→ What is expected
Go through the material below and return each line with the string "Colors" in it.

→ Supplied material
____
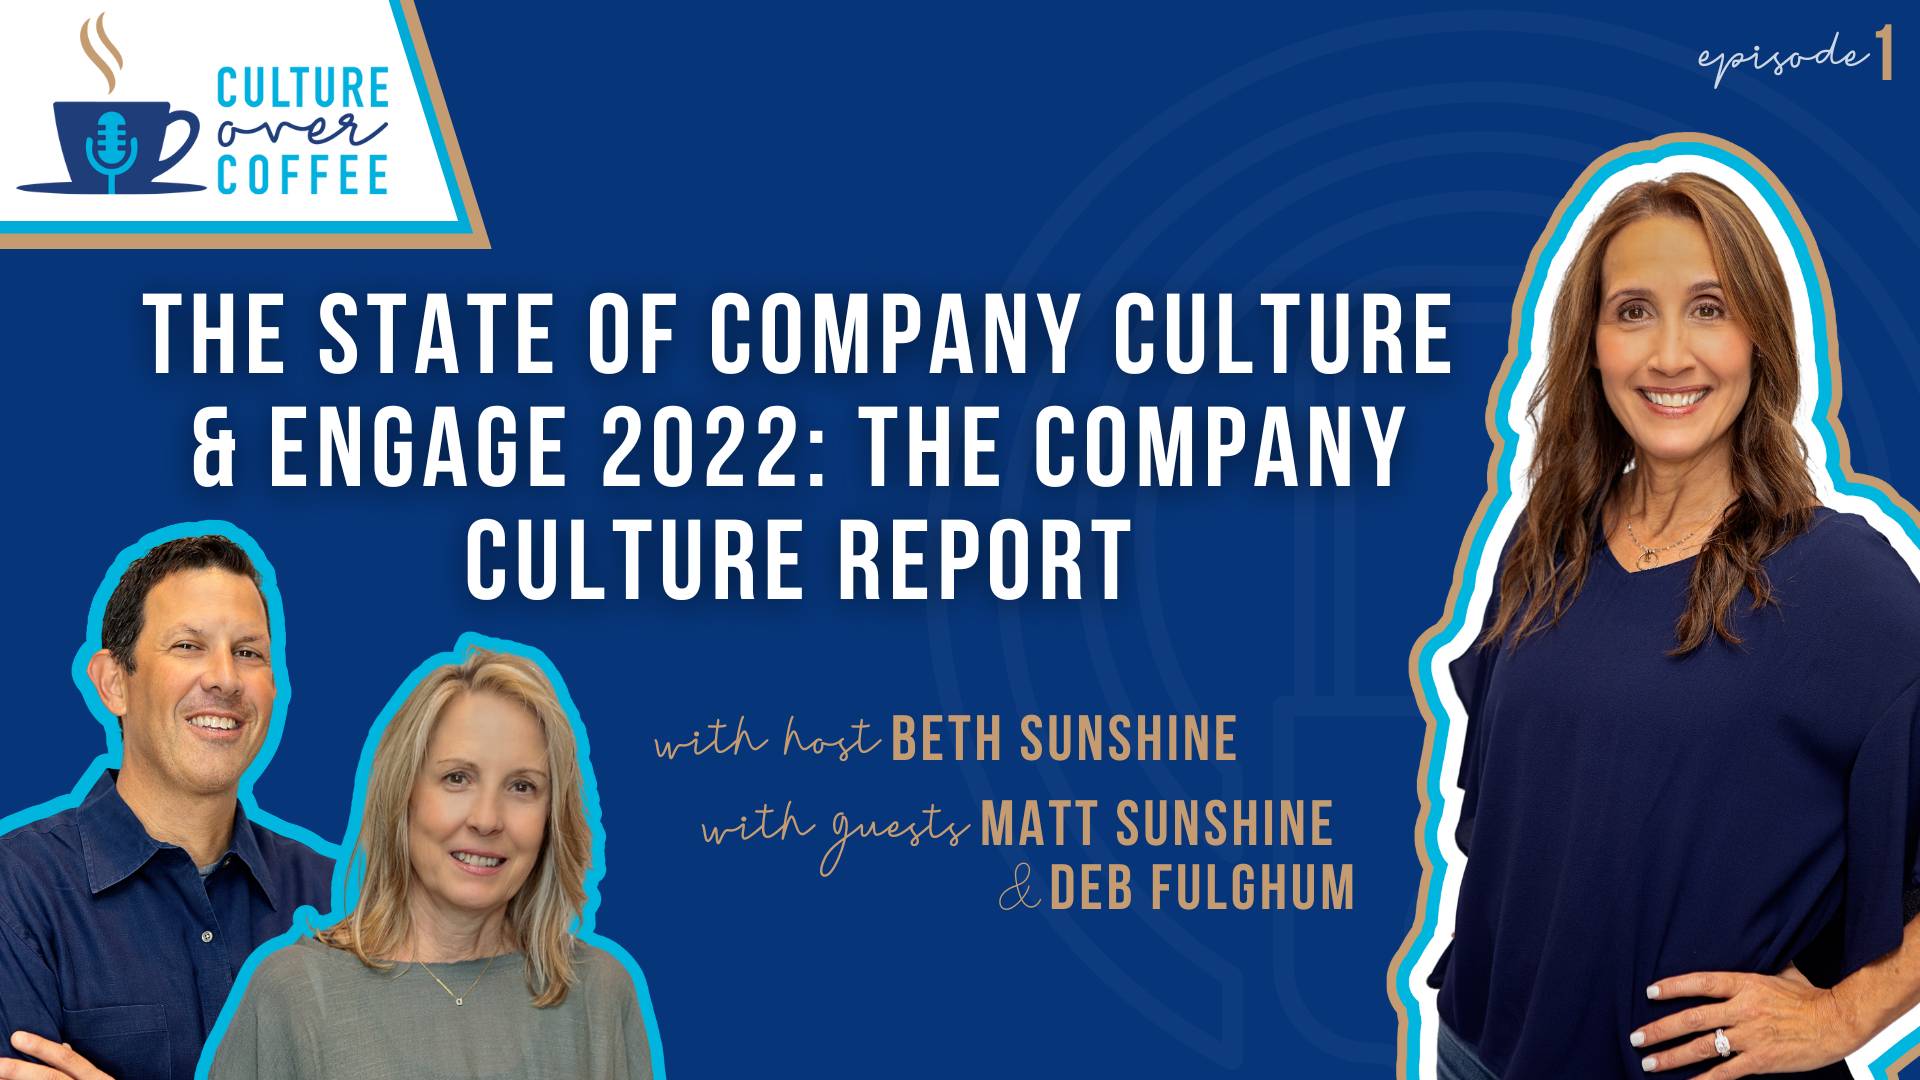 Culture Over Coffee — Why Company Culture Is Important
____
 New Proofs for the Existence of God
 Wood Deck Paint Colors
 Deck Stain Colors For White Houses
____
→ Output for this task
 Wood Deck Paint Colors
 Deck Stain Colors For White Houses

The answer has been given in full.